The path of an ant

After 4 long months of quarantine, which was mandated for all 9 million or so common citizens of Ho Chi Minh City, Vietnam, and which didn’t even make a hint of an impression on the coronavirus situation—after the lockdown was before the lockdown, and after another month of regular lockdown, I was finally enjoying a good cup of coffee in my favourite coffee shop again.

And as I was reading the News of my own country, Austria, where they obviously didn’t read the News about the nil efficacy of lockdowns, I observed a tiny little ant walking all over my MacBook.

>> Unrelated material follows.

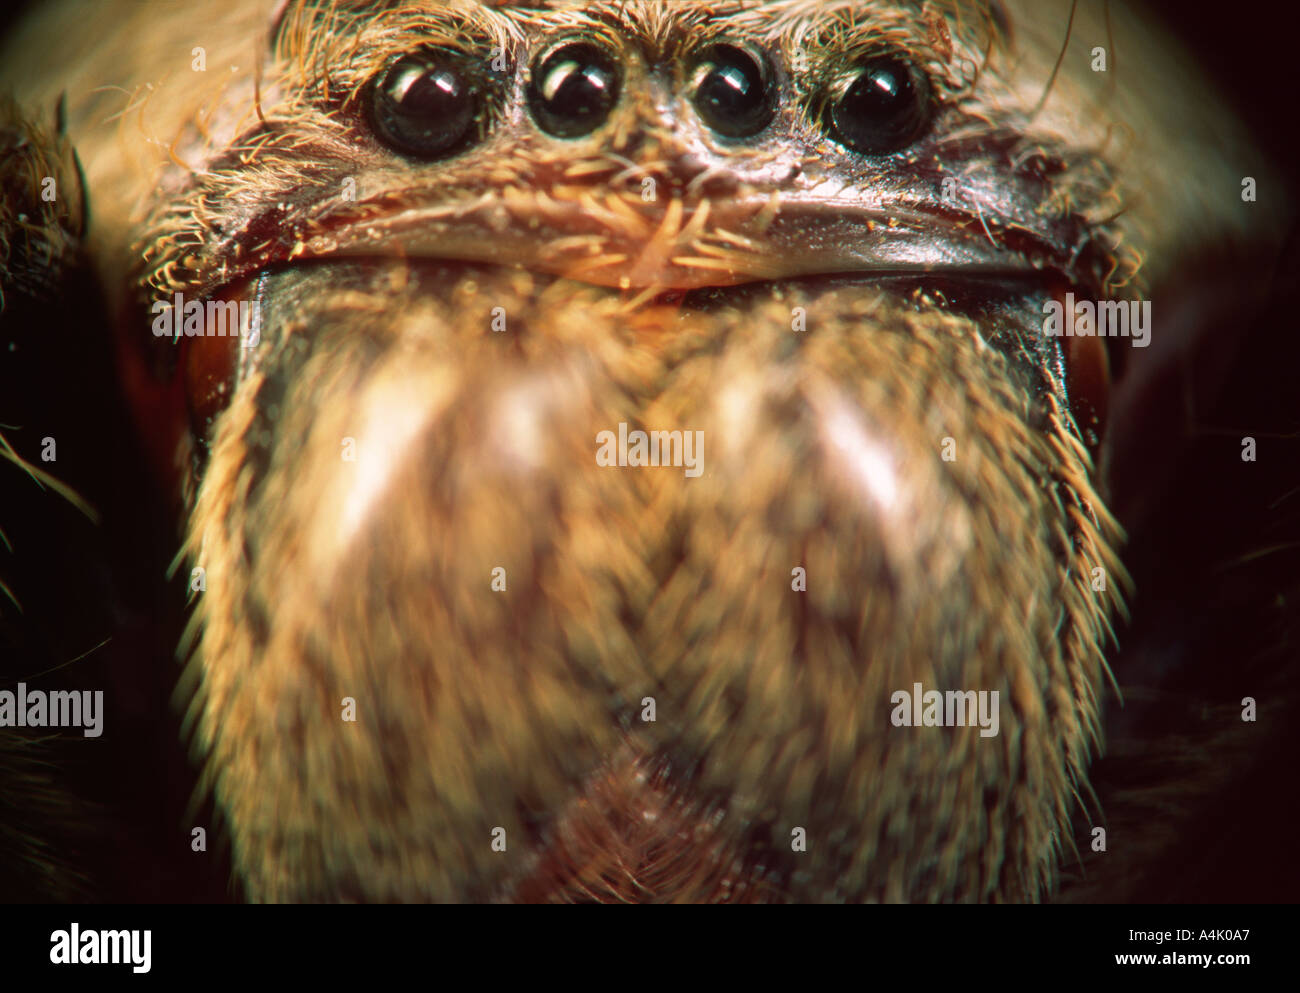 Spider portrait with massive chelicerae South Australia Stock Photo

„Hey there little explorer”, I subvocalised. As I leaned back to observe the ant roaming about I observed it walking fairly quickly and erratically. But then I also saw how well it bent its little body to each side, and how it twisted and lifted and lowered its antennas, and how it looked around, stopped and started, back-traced even, compared its position to its scouted-out landmarks. I had the impression that its – at a first glance – rather erratic looking path is actually a quite well considered one.

I recalled a quote from Derek Jarman’s movie Wittgenstein, „If a lion could speak, we would not be able to understand what he said. I can’t understand the lion’s language, because I don’t know what his world is like. How can I know the world a lion inhabits?”

When ants walk alone, they run in adventurous looking meanders, I imagine the shapes of natural rivers and creeks… very distinct from how they walk when they walk in groups of thousands… which appears to be more straight, more stressed, and less playful in comparison… even though there’s always the occasional break-away ant, meandering out and away from the busy ant highway.

Since years I was wondering how a single ant’s path would look like. And while I watched the little explorer, I realised that this was my chance to find out. I pulled out my iPhone, waited patiently for Ant vs. Wild to cross over my MacBook one more time, and recorded a little video. Then I tried to trace the ant’s path on my iPhone for an hour or so, in which I failed miserably. Improvise, Adapt, Overcome. Finally I succeeded on my MacBook with Apple Compressor (export OpenEXR Image Sequence with 10 fps) and Pixelmator Pro (import into layers with Opacity on „Darken”).

So finally, I got my answer.

I failed to hold my iPhone completely steady during the recording, that’s why you see multiple layers of my MacBook’s outlines on this image, a composition of 163 images. Also, the ant appeared to walk on tip-toes while she was on the slightly indented trackpad. Either she was just amusing herself, or walked in a sort of environment-aware, sea-level preserving fashion. Who can possibly know what an ant thinks while repeatedly roaming over a MacBook in a coffee shop?